Companies are cancelling business travel and and making contingency plans for employees to work remotely.

People across Europe and the US are taking precautions to try to prevent the spread of the coronavirus. Picture: Getty Images
People across Europe and the US are taking precautions to try to prevent the spread of the coronavirus. Picture: Getty Images

As fears rise in the US over the rapid spread of the coronavirus COVID-19, companies are cancelling business travel and corporate off-site events around the world and making contingency plans for more employees to work remotely.

Nestle told more than 290,000 employees to suspend all international business travel until March 15, and requested that all domestic trips be skipped whenever possible for now.

“We take our responsibility for our employees and to the communities in which we operate seriously,” a spokeswoman for the Swiss maker of Nescafe coffee and Purina pet food said.

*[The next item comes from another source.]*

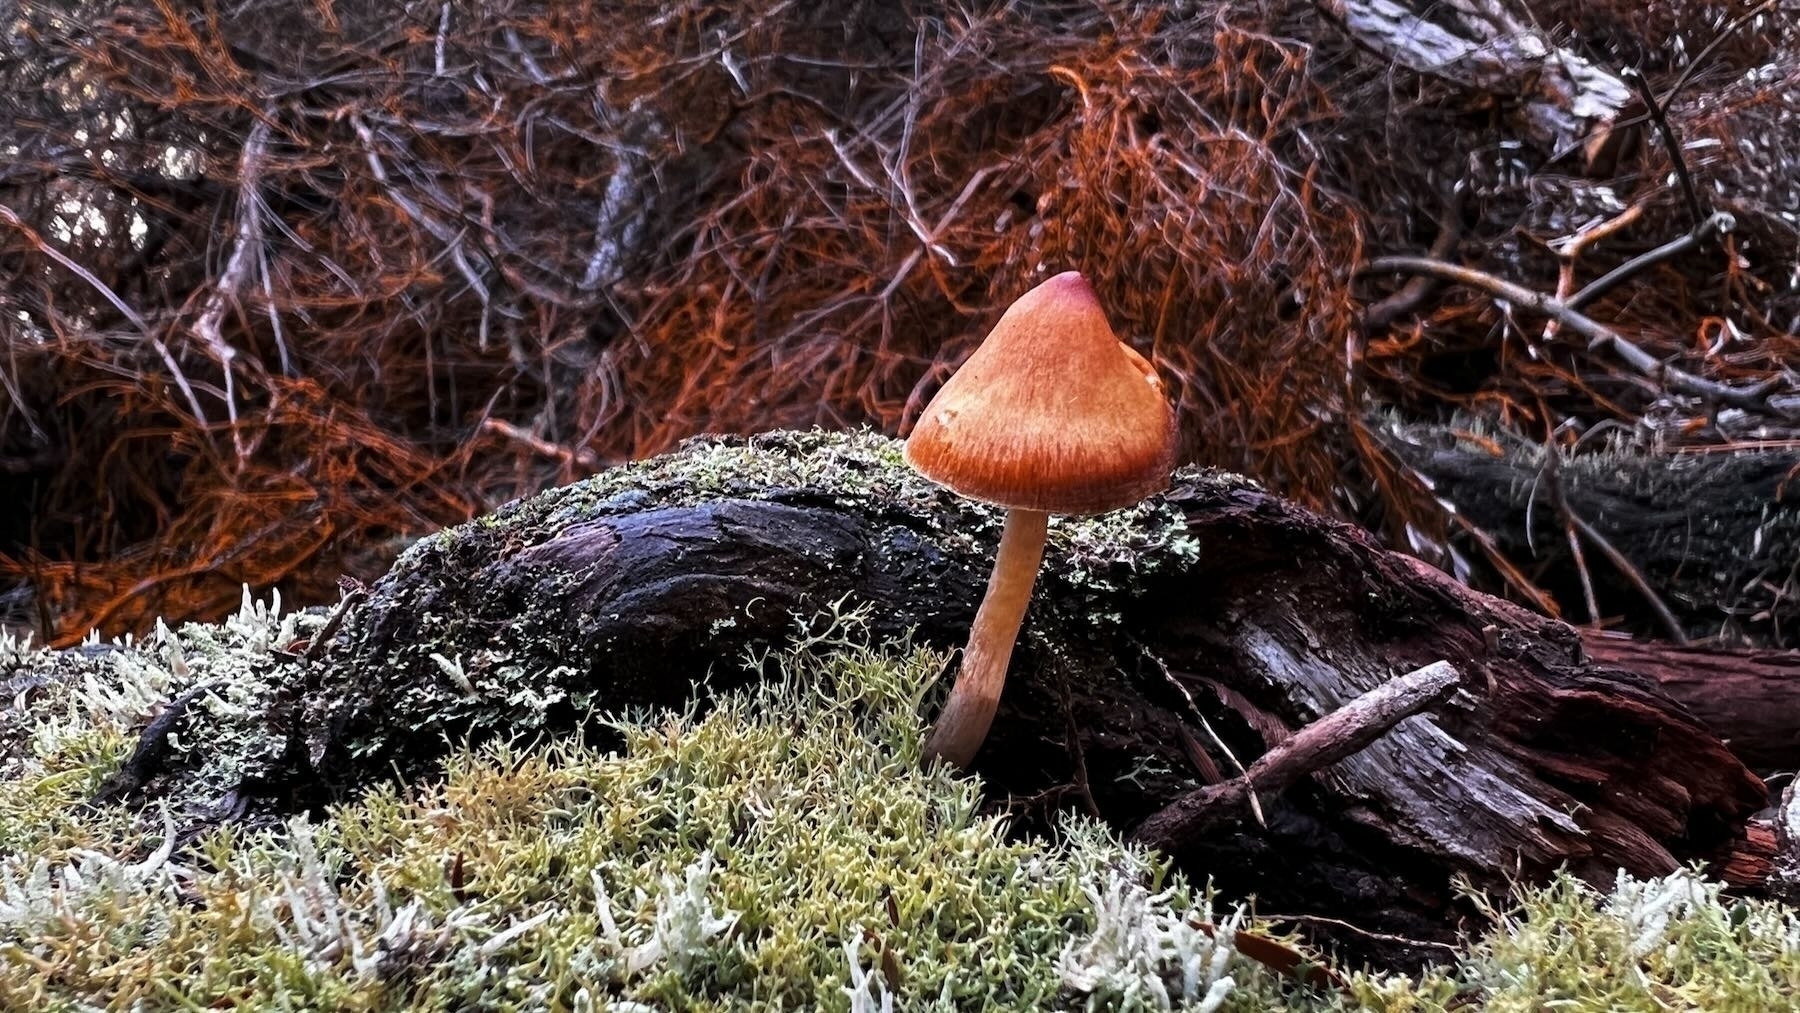 A chestnut coloured fungus on a decaying log, with lichen or moss below.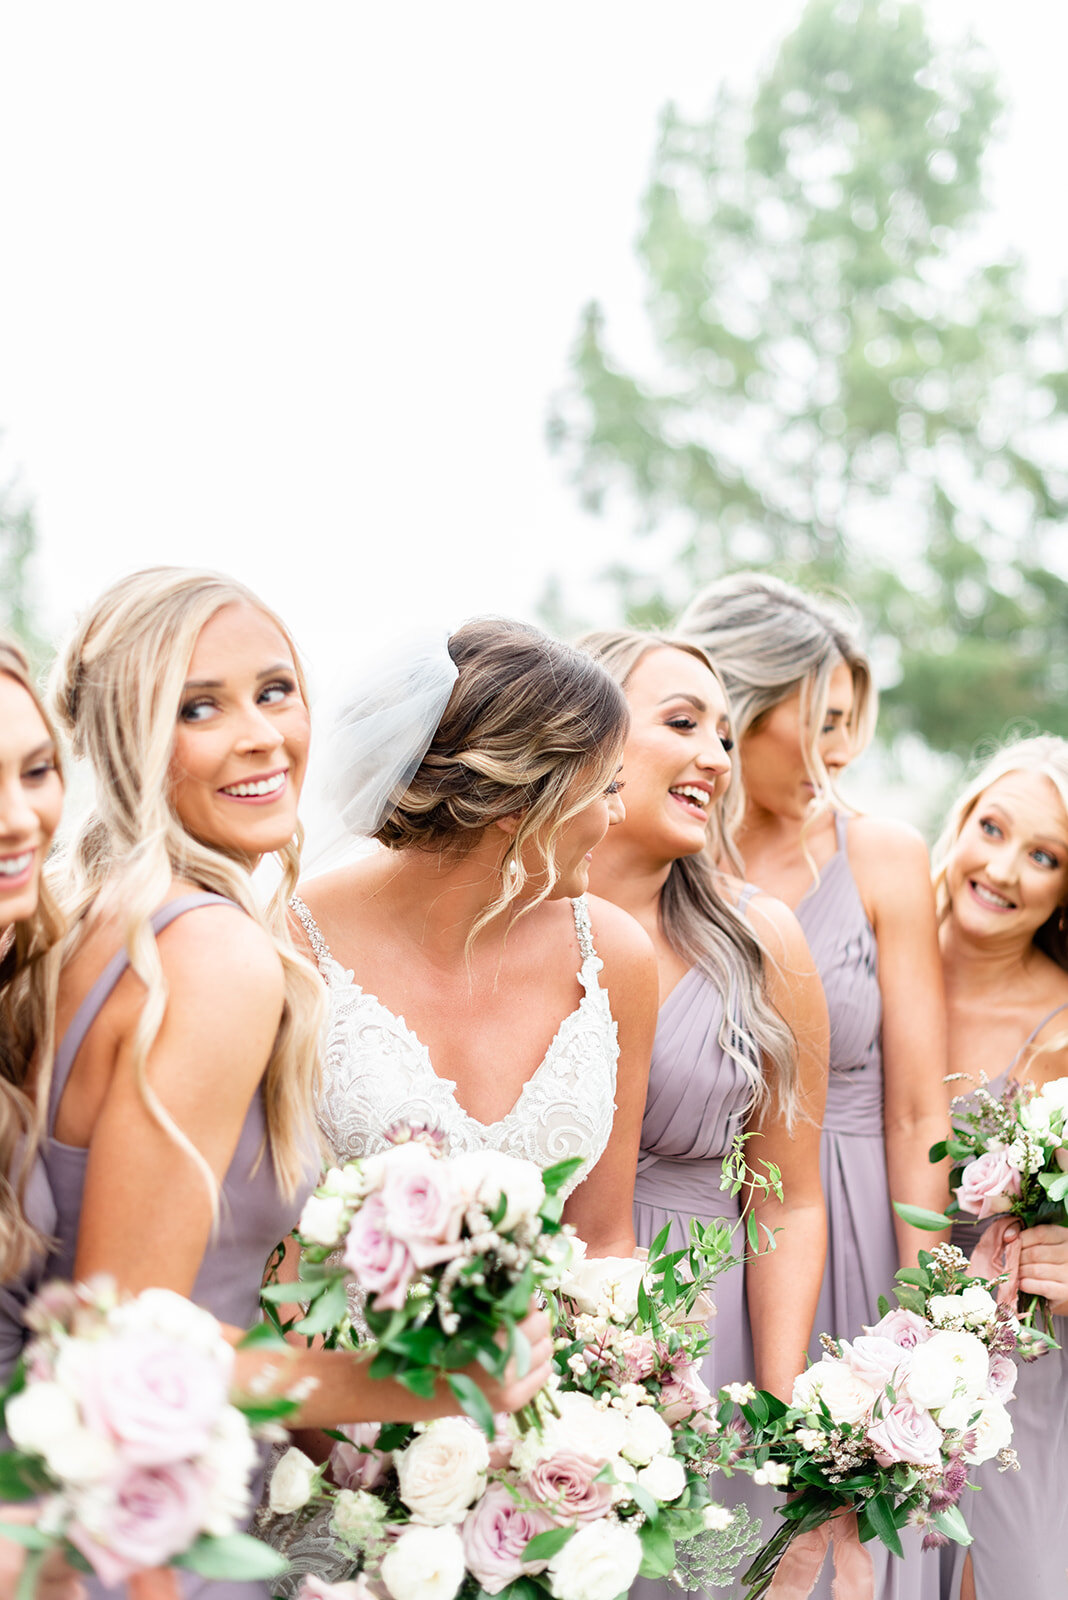 denise and bryan photography boise and mccall wedding photographers still water hollow-bride-bridesmaids.jpg

Nestle’s announcement is among the first by a major multinational to restrict all its employees from flying anywhere. Other companies trying to navigate the epidemic are adding new travel ­restrictions. Goldman Sachs banned all business travel to South Korea and certain parts of Italy, after previously putting travel to China off limits. The bank is also asking employees to postpone non-essential travel to Italy and all of Asia. Siemens has told employees not to travel to Italy, a spokeswoman said.

A spokesman for Campari said the Milan-area spirits company had asked employees to limit trips to and from Italy.

Event planners already see a chill beyond China. Nearly three-quarters of large business event-planning companies responding to a mid-February survey by trade publication MeetingsNet said that clients had cancelled or postponed events in the Asia-Pacific region beyond China. Another 14 per cent and 10 per cent had seen the same in the US/Canada and in Europe, respectively.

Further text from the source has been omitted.